The failure of a BAA to meet all of these requirements can attract substantial fines from the OCR. In 2016, the Care New England Health System was fined $400,000 for HIPAA violations, including the failure to update or revise a BAA signed in 2005. In 2013, the Raleigh Orthopaedic Clinic, P.A., was also issued a $750,000 fine for failing to obtain a BAA when contracting a third party vendor to  process old X-rays.

Five Largest HIPAA Fines of 2017

The following table details the largest HIPAA-related fines of 2017. Though it is rare that fines of that magnitude will be issued, they are illustrative of the severe nature of HIPAA breaches.
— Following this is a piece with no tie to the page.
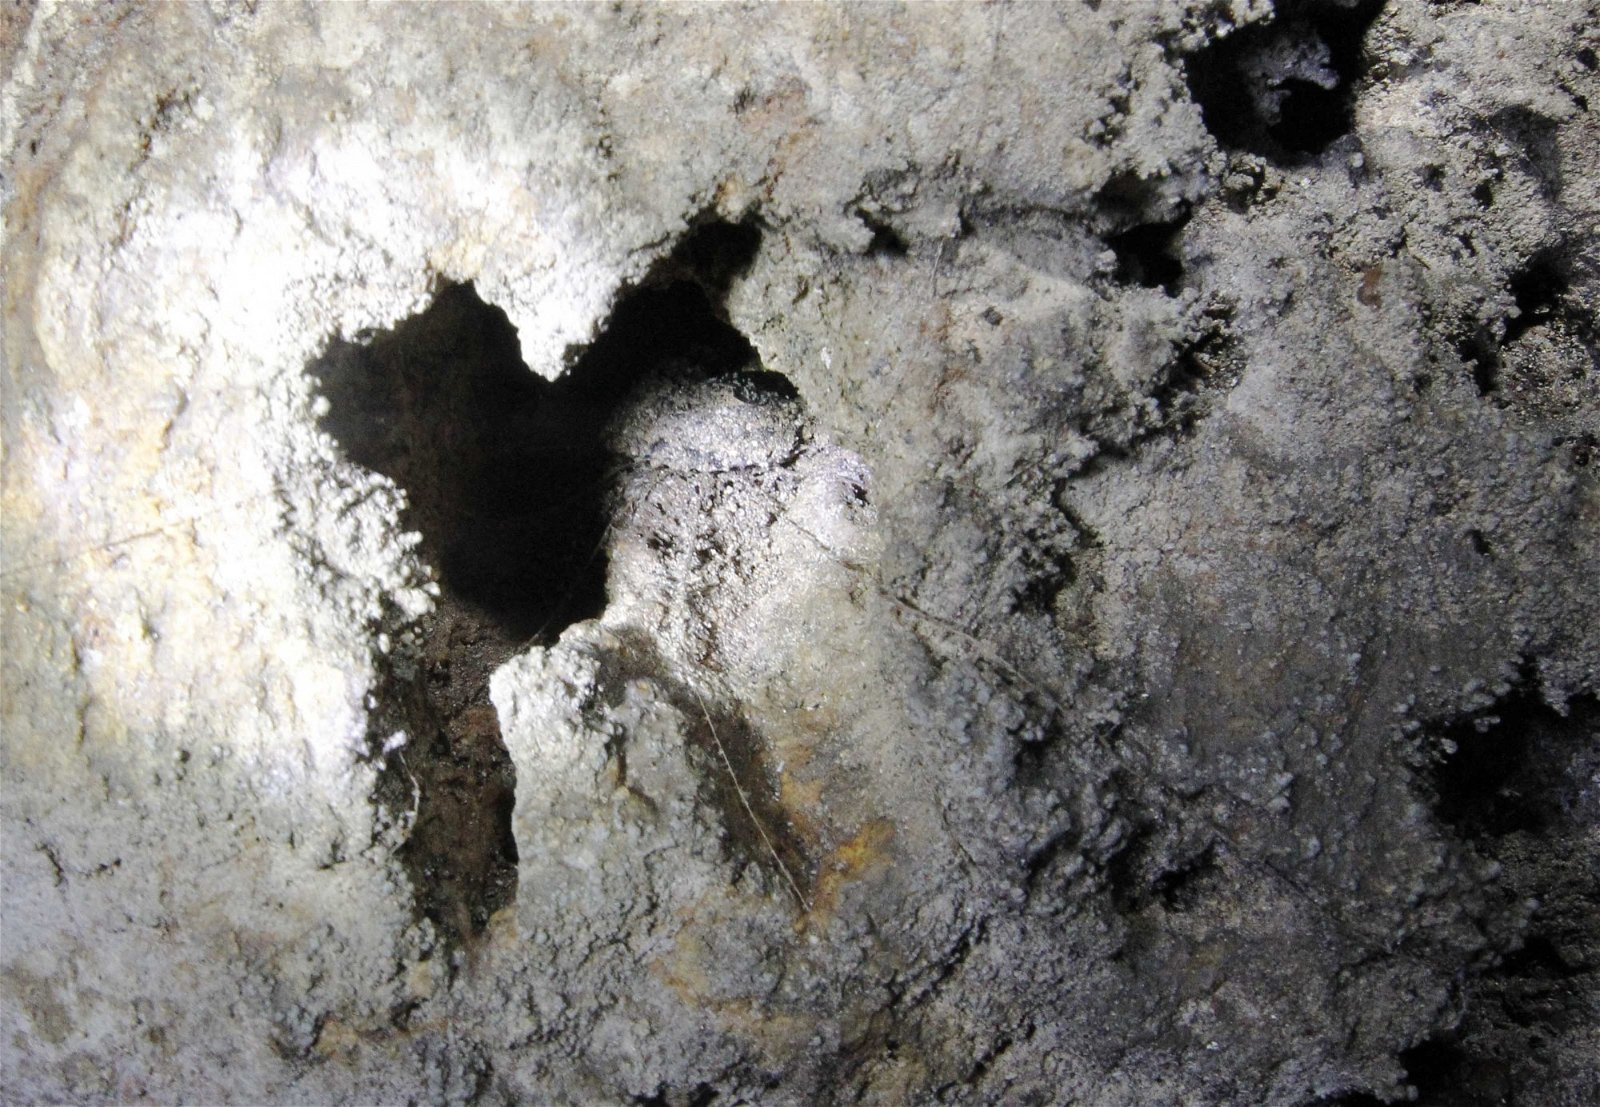 拱桥山洞内不难发现活板门蜘蛛筑巢的洞穴，一旦有猎物经过，活板门蜘蛛将迅速展开捕食行动。

Organisation Nature of Breach Penalty Amount
Memorial Healthcare Systems Shared login credentials gave unauthorised employees access to PHI $5.5 million
Children’s Medical Centre Dallas Failure to encrypt devices. These devices were then removed from the property and subsequently lost. $3.2 million
CardioNet Lack of policies to protect PHI and ignorance of HIPAA requirements. $2.5 million
Memorial Hermann Health System Disclosing the name of a patient that attempted to commit fraud. $2.4 million
21st Century Oncology Inadequate encryption and security protection of PHI. $2.3 million

HIPAA Violations: Summary 

Since its inception in 1996, HIPAA has drastically changed how healthcare providers and related industries approach patient privacy. It continues to be updated in line with recent events and advancements in the field, and keeping up-to-date with such changes may pose a challenge for some CEs and BAs. Even so, the importance of HIPAA compliance cannot be underestimated: as well as threatening patients privacy and putting them at risk of becoming victims of fraud, violations also attract substantial penalties from the OCR.

Not all violations are treated equally: as well as being characterised based on the nature of the breach (such as how many people were affected, what kind of data was lost, who accessed the data), the CE’s past history of HIPAA compliance and their willingness to engage in investigations are also considered. Many breaches will not result in any financial penalties, instead being resolved via corrective actions or future training. Some extreme cases can, however, result in multi-million dollar fines or even jail sentences. There are some simple things that CEs can do to avoid such penalties – primarily, conducting regular risk assessments and employee training sessions – though the malicious intent of others always poses a threat. The OCR is forgiving of unavoidable breaches caused by cyberattacks, but if someone within the organisation accesses data and sells it for a profit the most severe penalties will apply.